Something cheerful to take your mind off it

I spent Wobbly Weekend 2: The Wobbling, in part, going through the effects of a deceased relative. I guess it was the right weekend for it; it wasn’t going to depress me any more. Anyway, we found this envelope of briefing documents, dated 1963 at the earliest. A reminder, I think, that things could be a lot worse, although God knows how today’s political elite would have coped with the Cold War.

Peggy vs the Bomb

Context is here.

I didn’t know that the WRVS, at the time joined at the hip to the then Civil Defence system, set out to brief three million women, i.e. 20% or the titular one in five of the female population, with the standard Glasstone Effects of Nuclear Weapons spiel and basic advice (some of it not so basic) on protection against flash, blast, fire, and fallout.

But they did, and the strategy they pursued was pretty interesting – startlingly similar to a classic Alinskyite community-organising campaign, getting opinion leaders, serial volunteers, and people respected in the community (and my Auntie Peggy was all three if she was anything) to take the training course and then spread the message horizontally through their social networks. You wonder what the In campaign might have looked like if we’d adopted that strategy.
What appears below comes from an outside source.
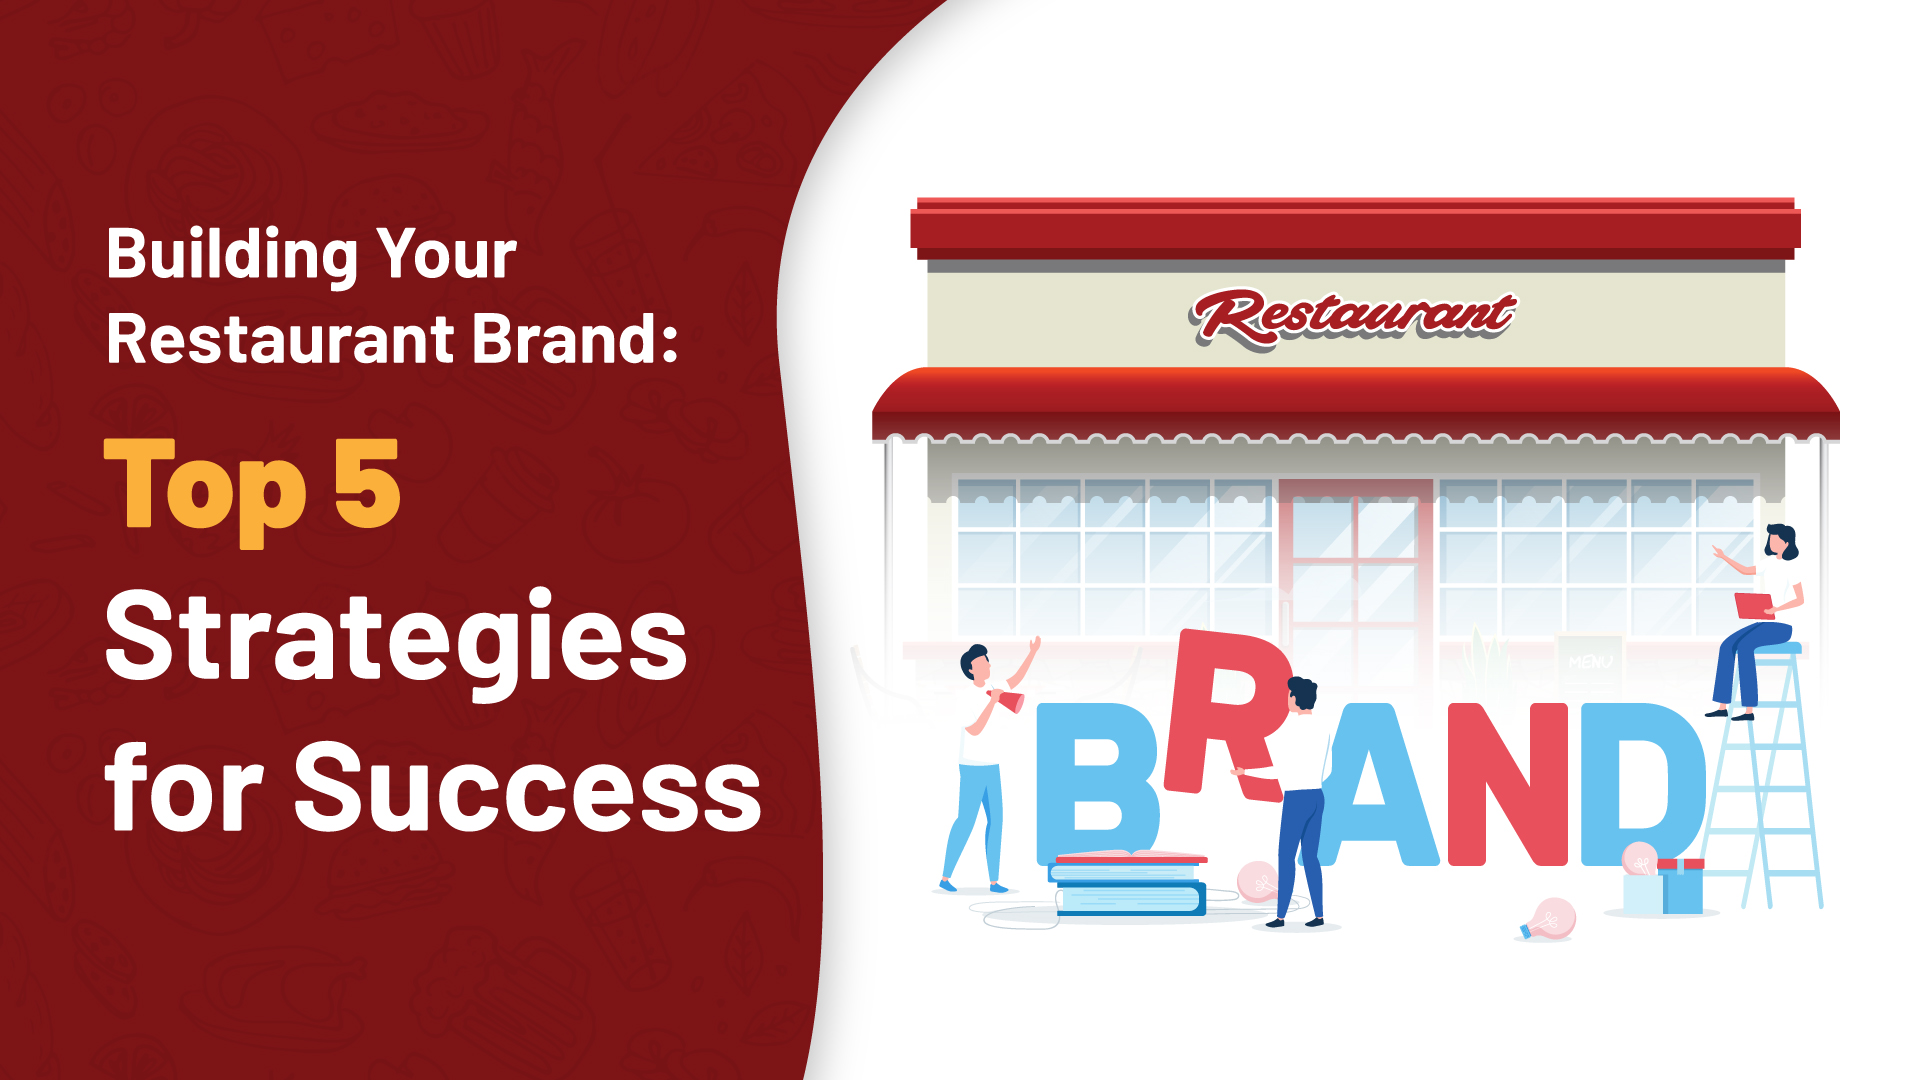 Top 5 Strategies for Building Your Restaurant Brand

Also, I rather like the serif typography – very different to Calvert & Kinnear’s Transport/Rail Alphabet work, although the two are contemporaries. Obviously you wouldn’t expect women to go without serifs, not even in the event of nuclear war!

3 comments

  1. Tim Silverman

    OT, but just wanted to thank you for your sterling work going through the Chilcot report. I’m reading all the tweets. Will you be summarising here too?